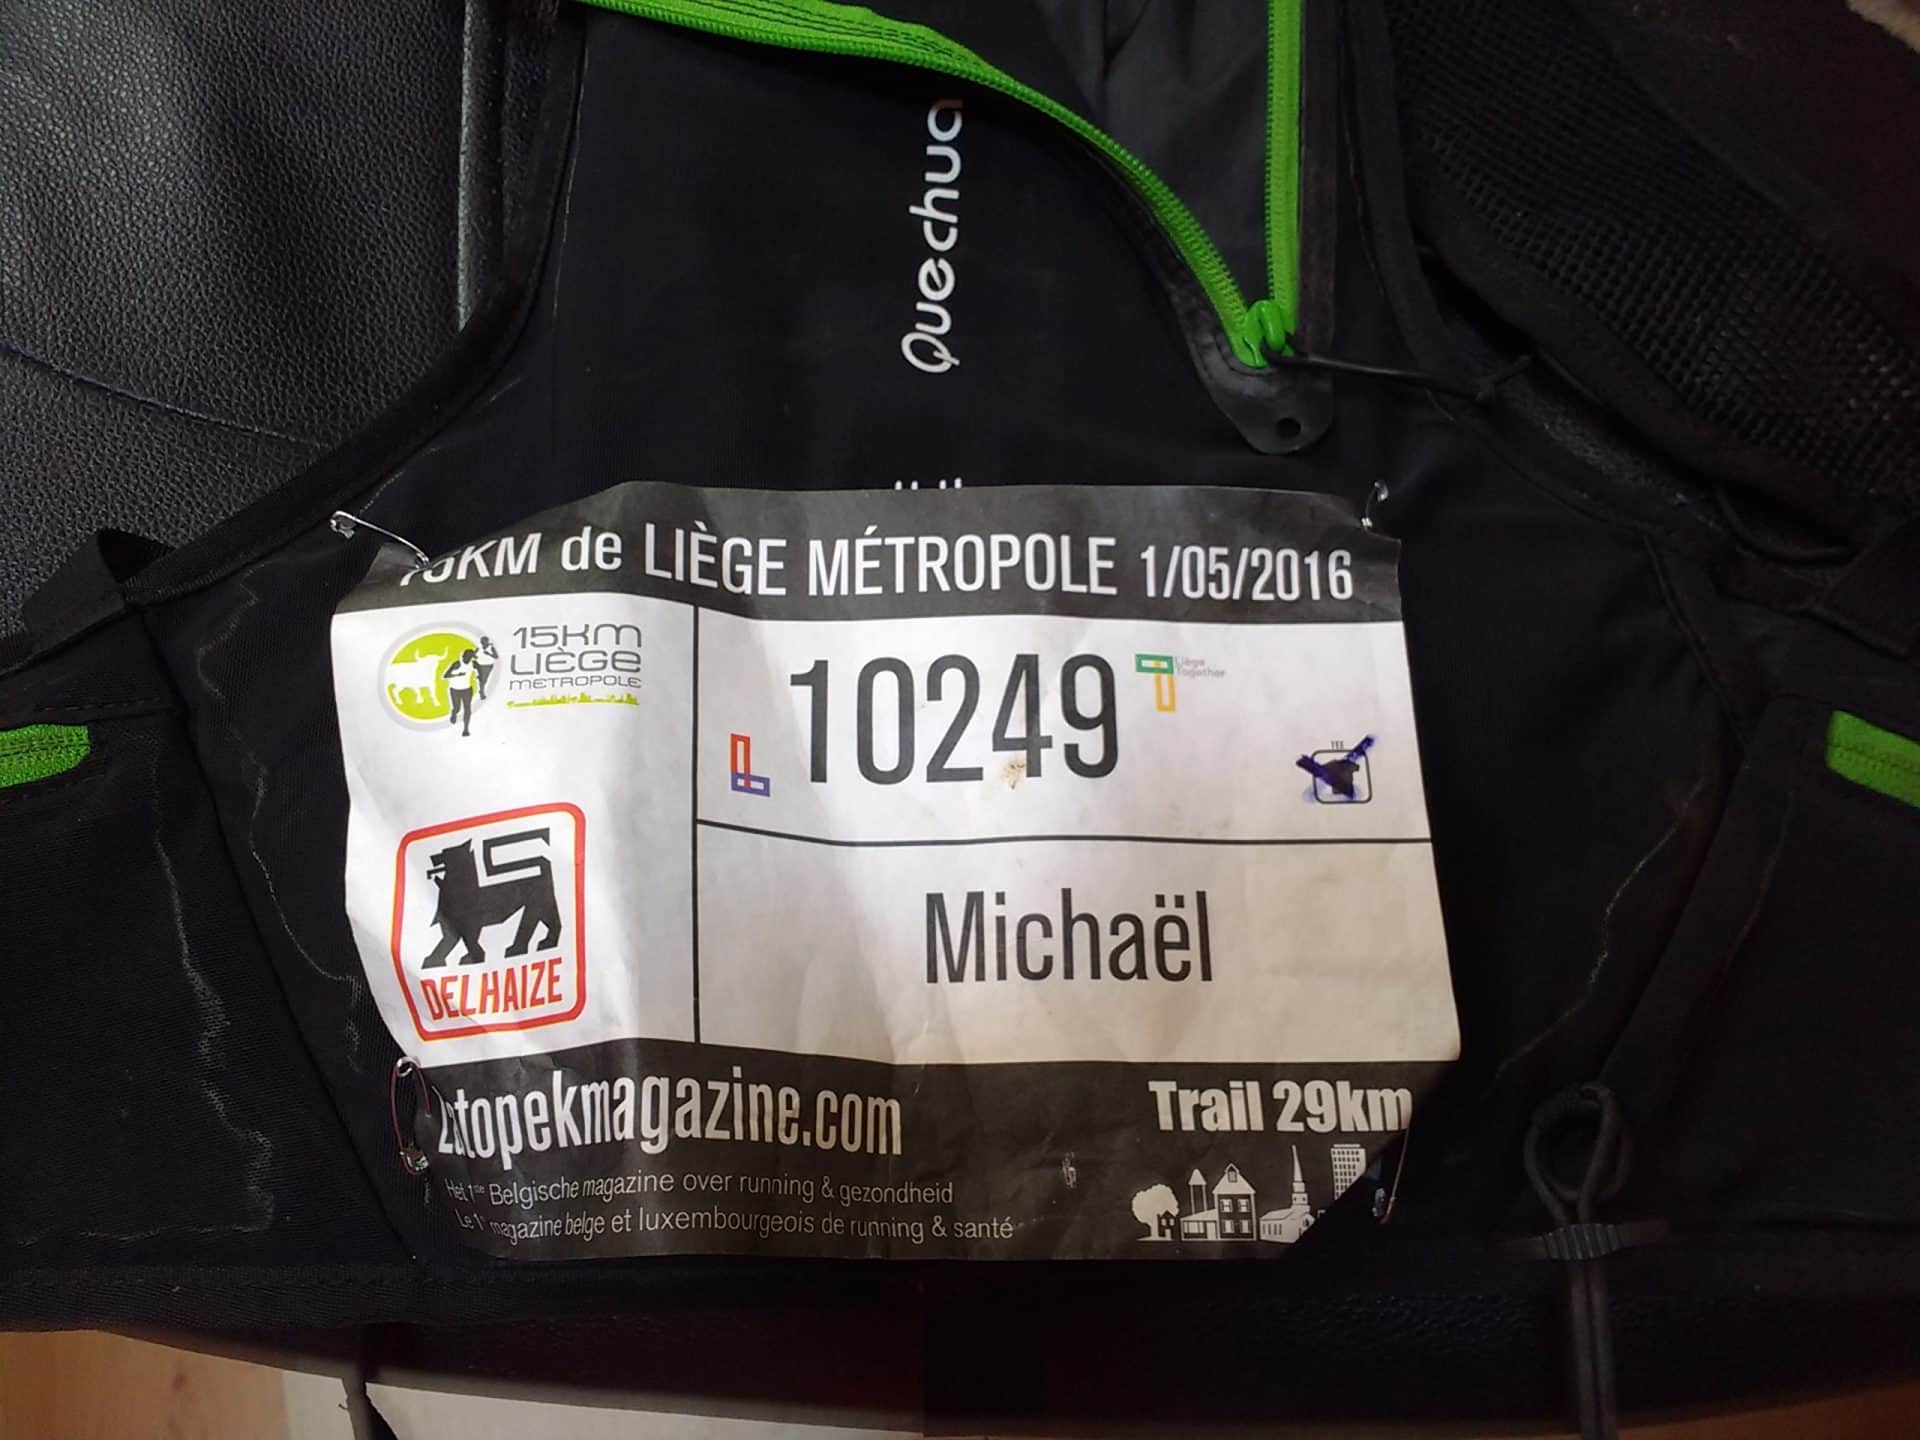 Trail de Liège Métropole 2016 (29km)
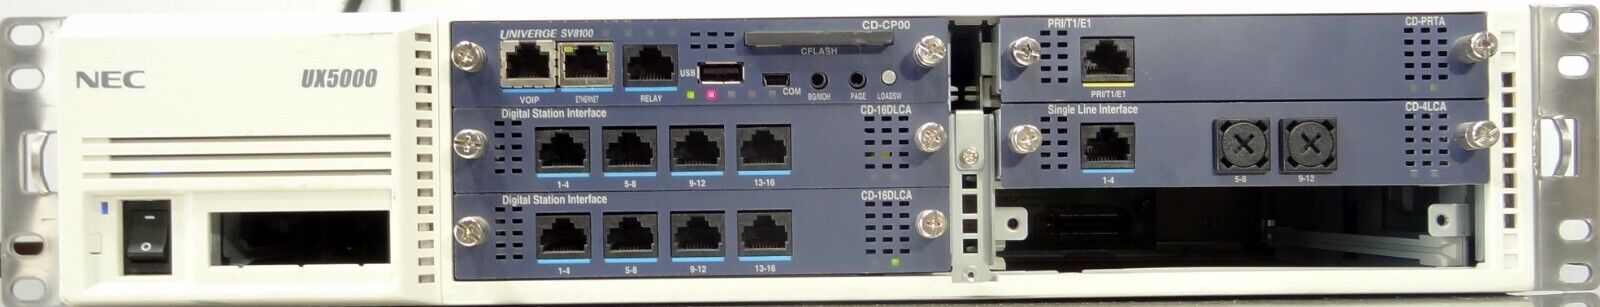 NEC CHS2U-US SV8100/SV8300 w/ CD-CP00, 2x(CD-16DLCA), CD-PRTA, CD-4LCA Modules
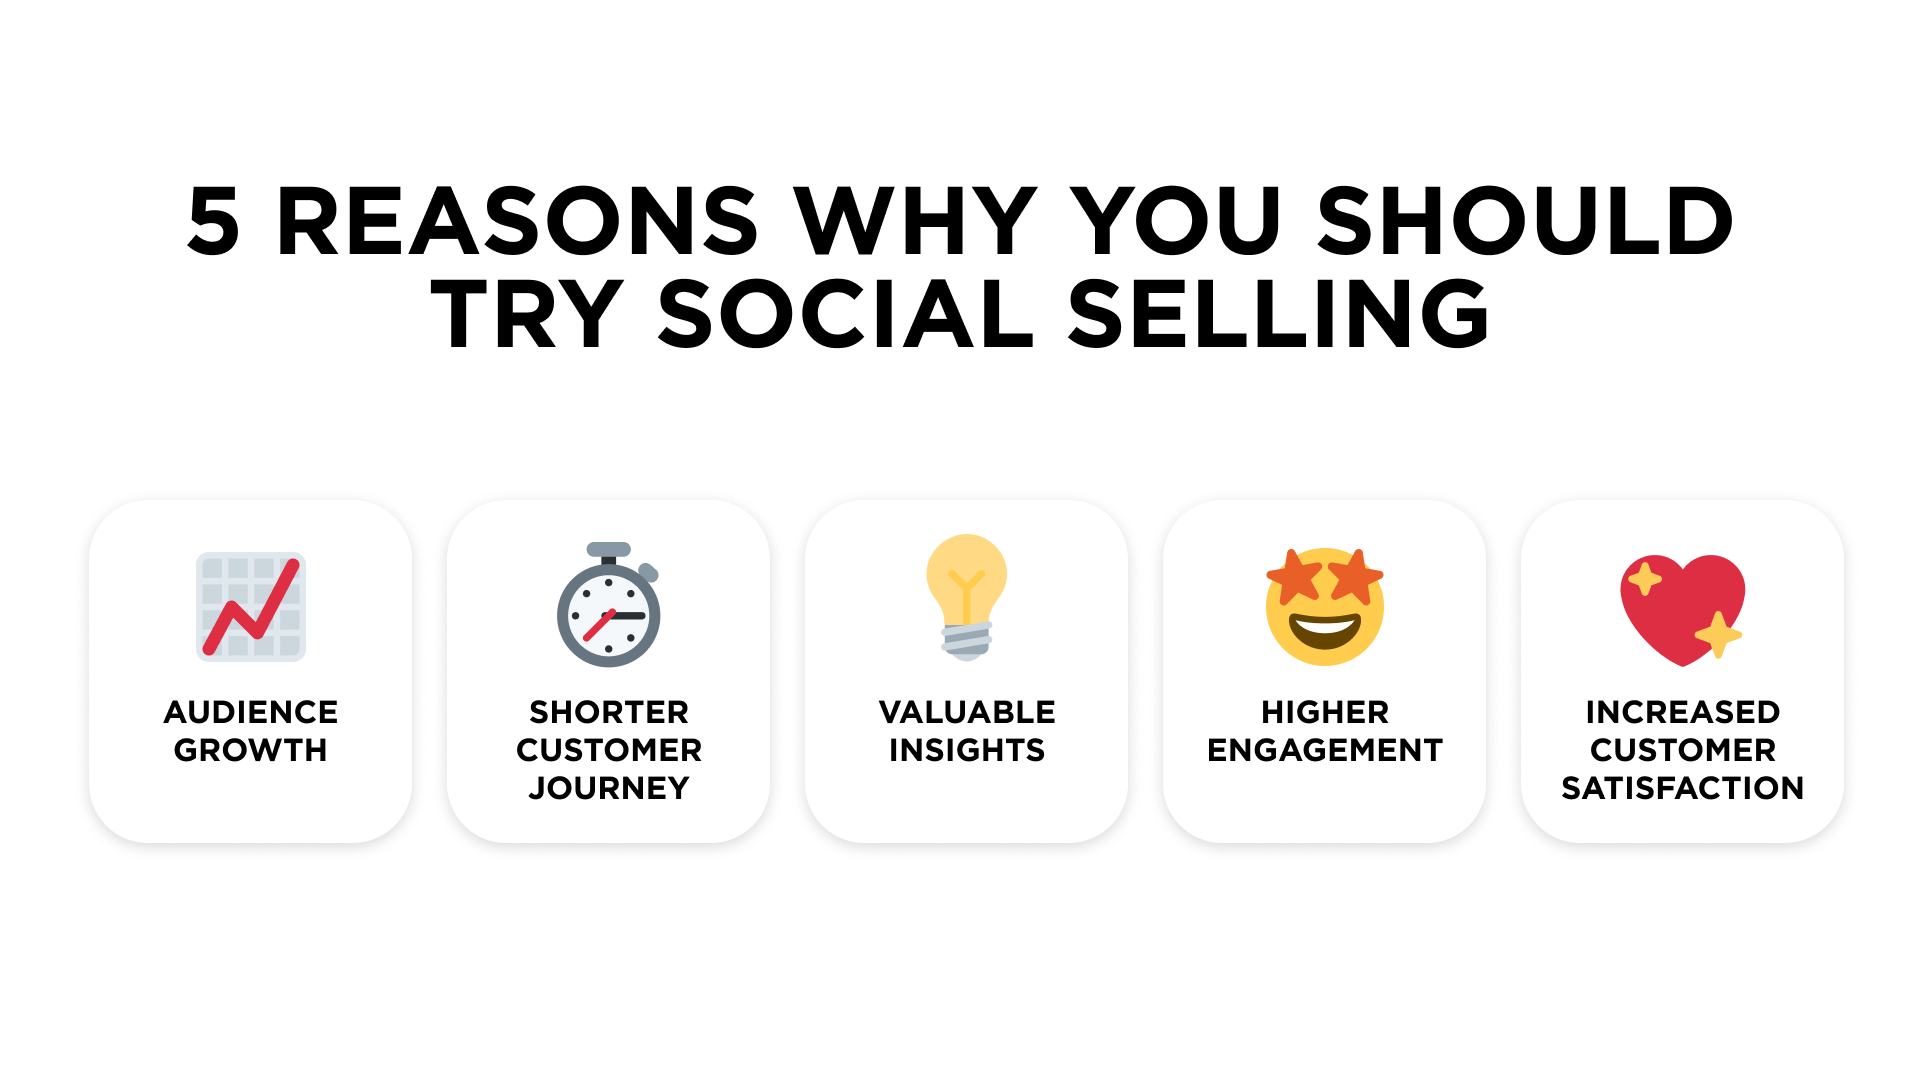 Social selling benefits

• **Assignment**
Return all the data exactly, and keep the pictures out.

• **Answer section**
 Trail de Liège Métropole 2016 (29km)
 NEC CHS2U-US SV8100/SV8300 w/ CD-CP00, 2x(CD-16DLCA), CD-PRTA, CD-4LCA Modules
 Social selling benefits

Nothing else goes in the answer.